Agora correm notícias, através de jornais de Porto Alegre, de que lá houve grandes desordens e que os alemães se comportaram com hostilidade contra os brasileiros em defesa de sua “Faterland”. Também em todo Rio Grande, porque os sócios das Sociedade de Tiro trazem em seus chapéus o emblema da “Deutschland”, brasileiros e italianos teriam se vingado destruindo os grandes estabelecimentos comerciais, metalúrgicas, etc, de propriedade dos alemães.

Dizem que aqui mesmo em Braço do Norte os soldados brasileiros estão vigiando os alemães. Mesmo aqui em Orleans, o Grünfeldt começou a se vangloriar e contar vantagens defendendo os alemães e logo foi ameaçado de levar uma surra. Ele tratou logo de fugir para não terminar na cadeia. Até agora realmente nada de mal aconteceu.

Quanto à Igreja de Rio Novo, nada de novo parece ter acontecido, e nada do que acontece em suas reuniões de negócios eles contam – mas com o passar do tempo eu fico sabendo. Hoje mesmo teve uma longa sessão, na qual o Maisin foi excluído do rol de membros e o Anz foi admitido. Continua a disputa pelos bens do Manemes, pois até o Butler e o Seeberg foram a Tubarão. Não sabemos quantas vezes eles já foram e ou quantas vezes terão ainda que ir. Pois aqueles quatro que vieram de baixo, quando você ainda estava em casa, tiveram que pagar 400$000 de seu próprio bolso.

Quanto a nossa Igreja [do Rodeio do Assucar] nada de novo tem acontecido, tudo velho.

Bem, hoje penso que chega.

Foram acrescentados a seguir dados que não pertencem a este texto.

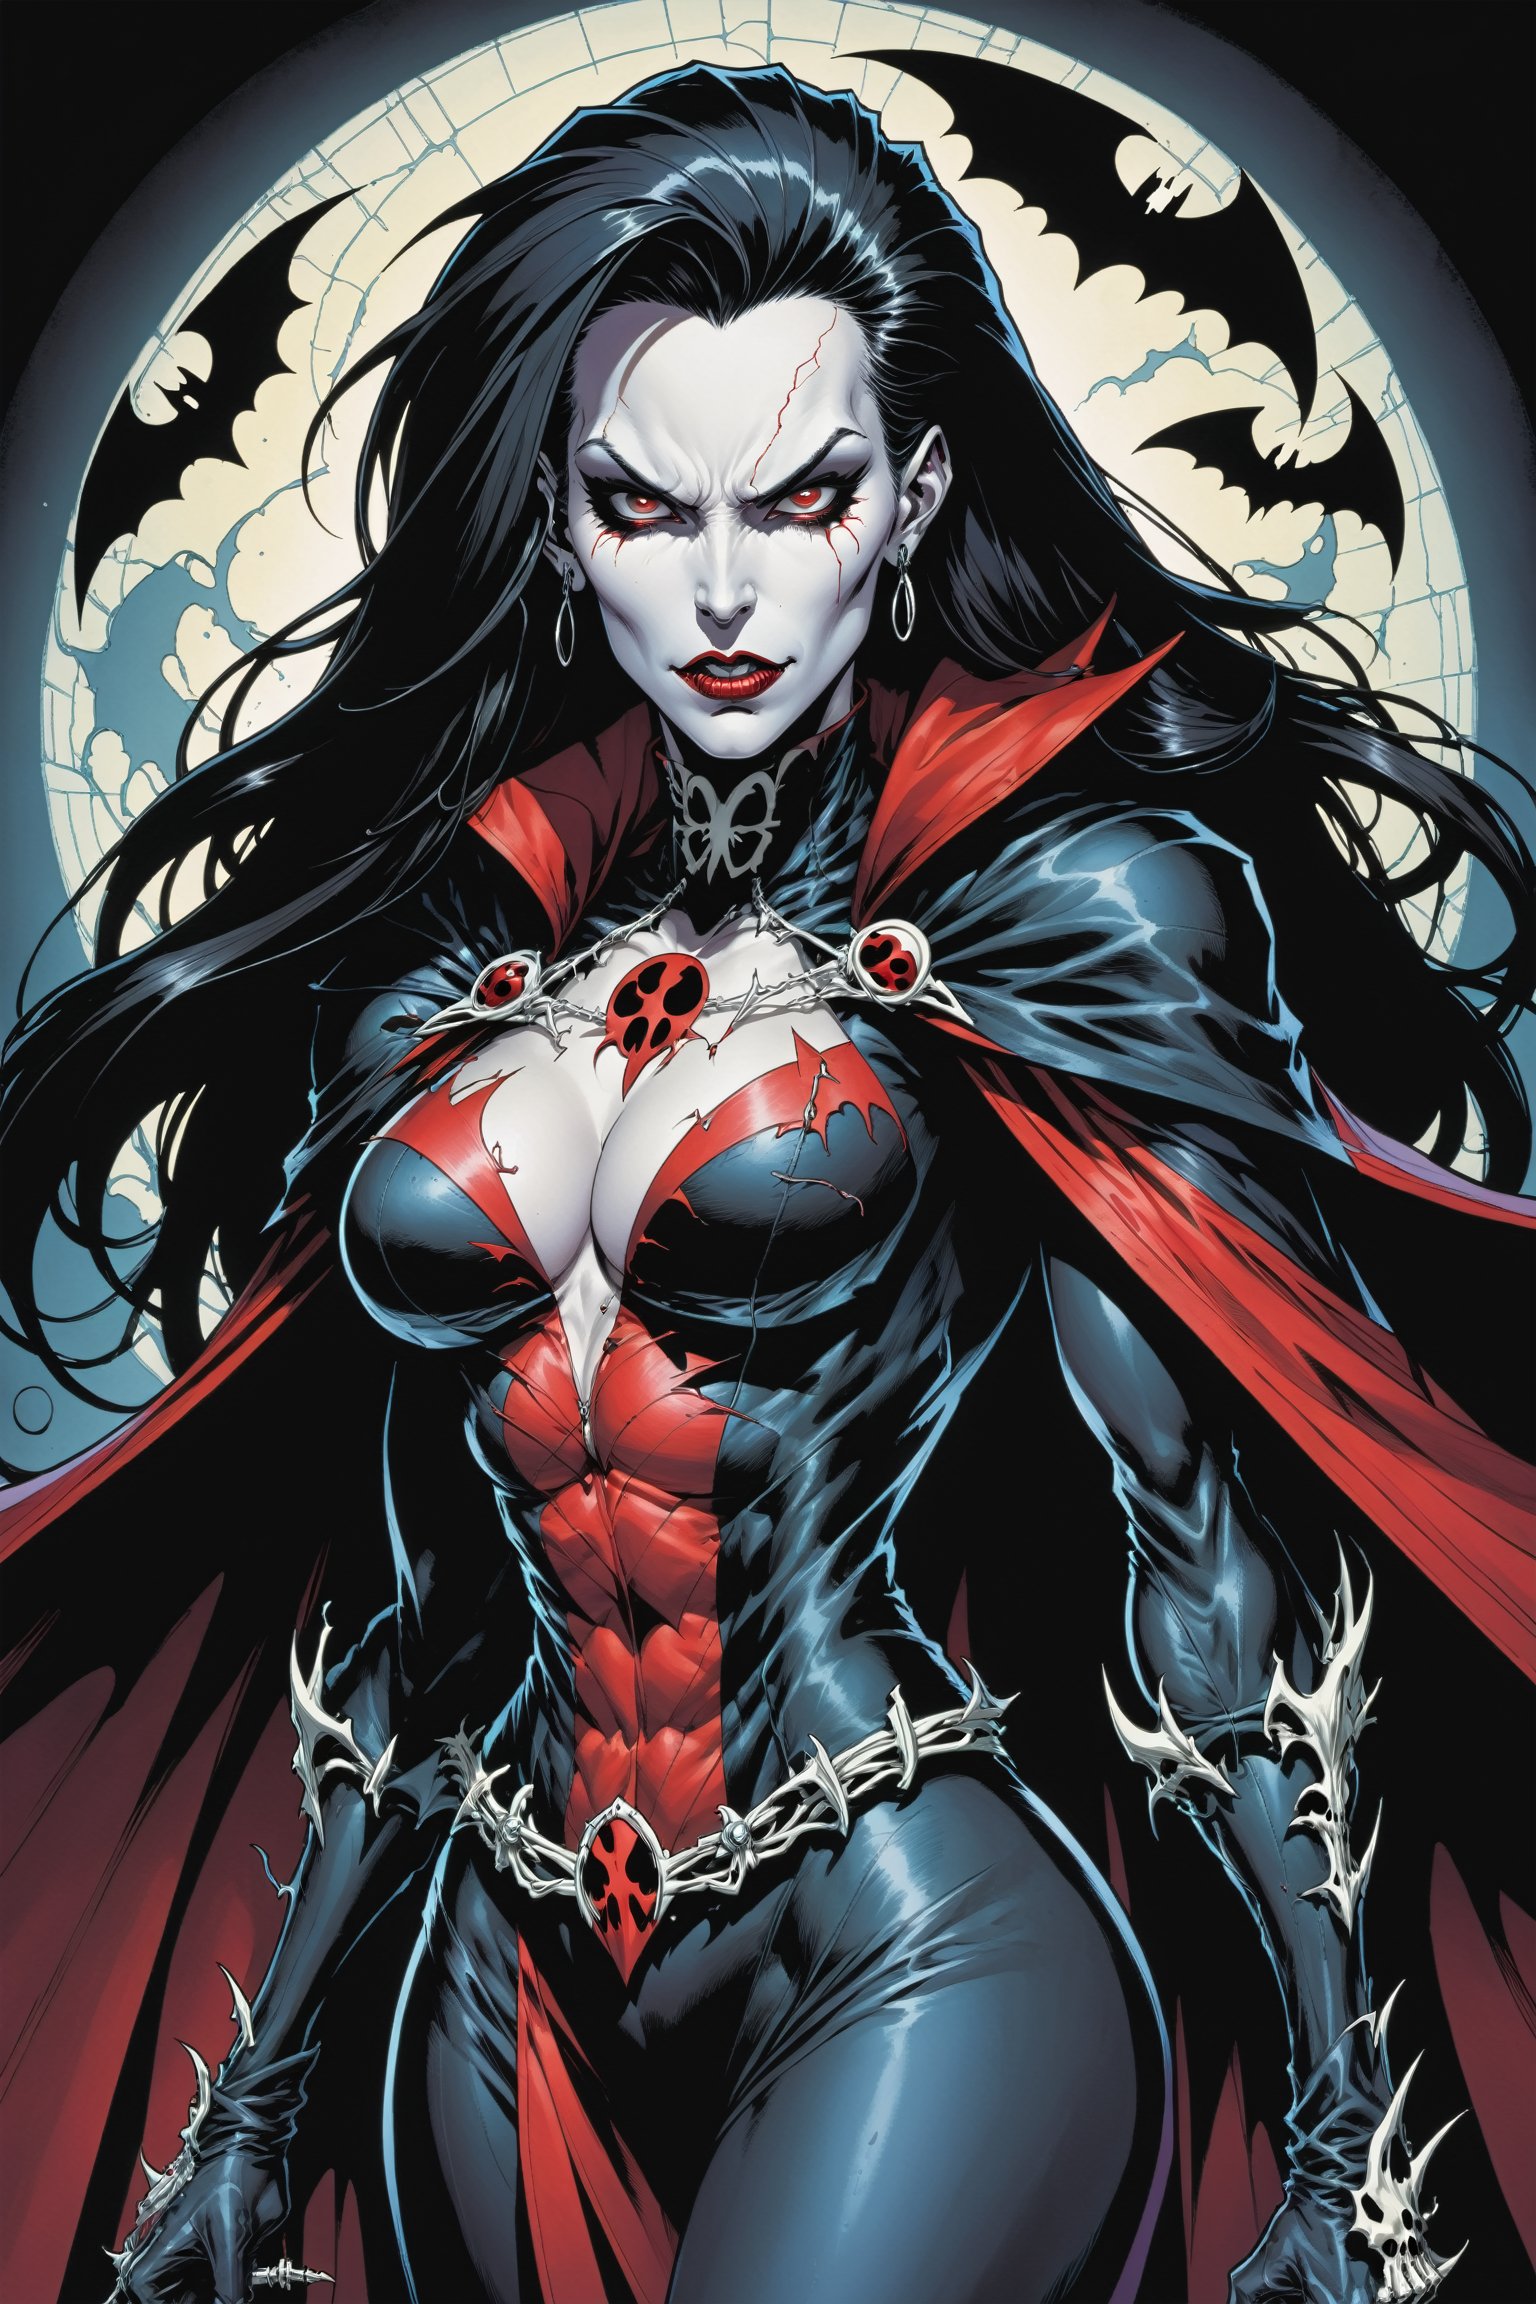 midshot, cel-shading style, centered image, ultra detailed illustration of the comic character ((female Spawn Dracula, by Todd McFarlane)), posing, she has long black hair, black suit with a skull emblem, long flowing cape, ((Half Body)), (tetradic colors), inkpunk, ink lines, strong outlines, art by MSchiffer, bold traces, unframed, high contrast, cel-shaded, vector, 4k resolution, best quality, (chromatic aberration:1.8)

Você não está precisando de blocos para cartas? Se você quiser posso mandar, pois aqui posso conseguir estes blocos por 1$300, e são bem melhores que os
seus. O papel ai é caro? Como tu te vestes? Você tem com que se vestir (com orgulho)? E o Inkis é orgulhoso? E como é a esposa dele? Há entre os teus professores algum deles que sejam duros? (além do normal)

Desejo a você tudo de bom. Viva saudável.

Com muitas lembranças,

Olga

(Escrito nas laterais)
Se você mesmo lava a sua roupa, não deixe fora no varal durante o tempo em que está na aula, pois a senhora Leiman contou que o Karlis teve as dele roubadas durante o tempo que estava na escola, e por isso você deve ficar atento a essas coisas…

(No outro lado)
Se você quiser saber notícias da guerra pergunte ao “Jurka“1, pois ele sabe mais que todo mundo junto. Nas quartas-feiras ele conta notícias em roldão. A última é que sob a ponte de Laguna (Rio Pratas?) os alemães teriam colocado minas explosivas, para levar tudo pelos ares quando quiserem. Se fosse para escrever tudo que ele conta numa noite só já daria para encher o couro de um boi inteiro. Ele ganha do Ludi de longe; é pena que não tenha como ele uma gráfica…

* * *

1. Jurka. Provavelmente algum Juris; talvez o Juris Klavin.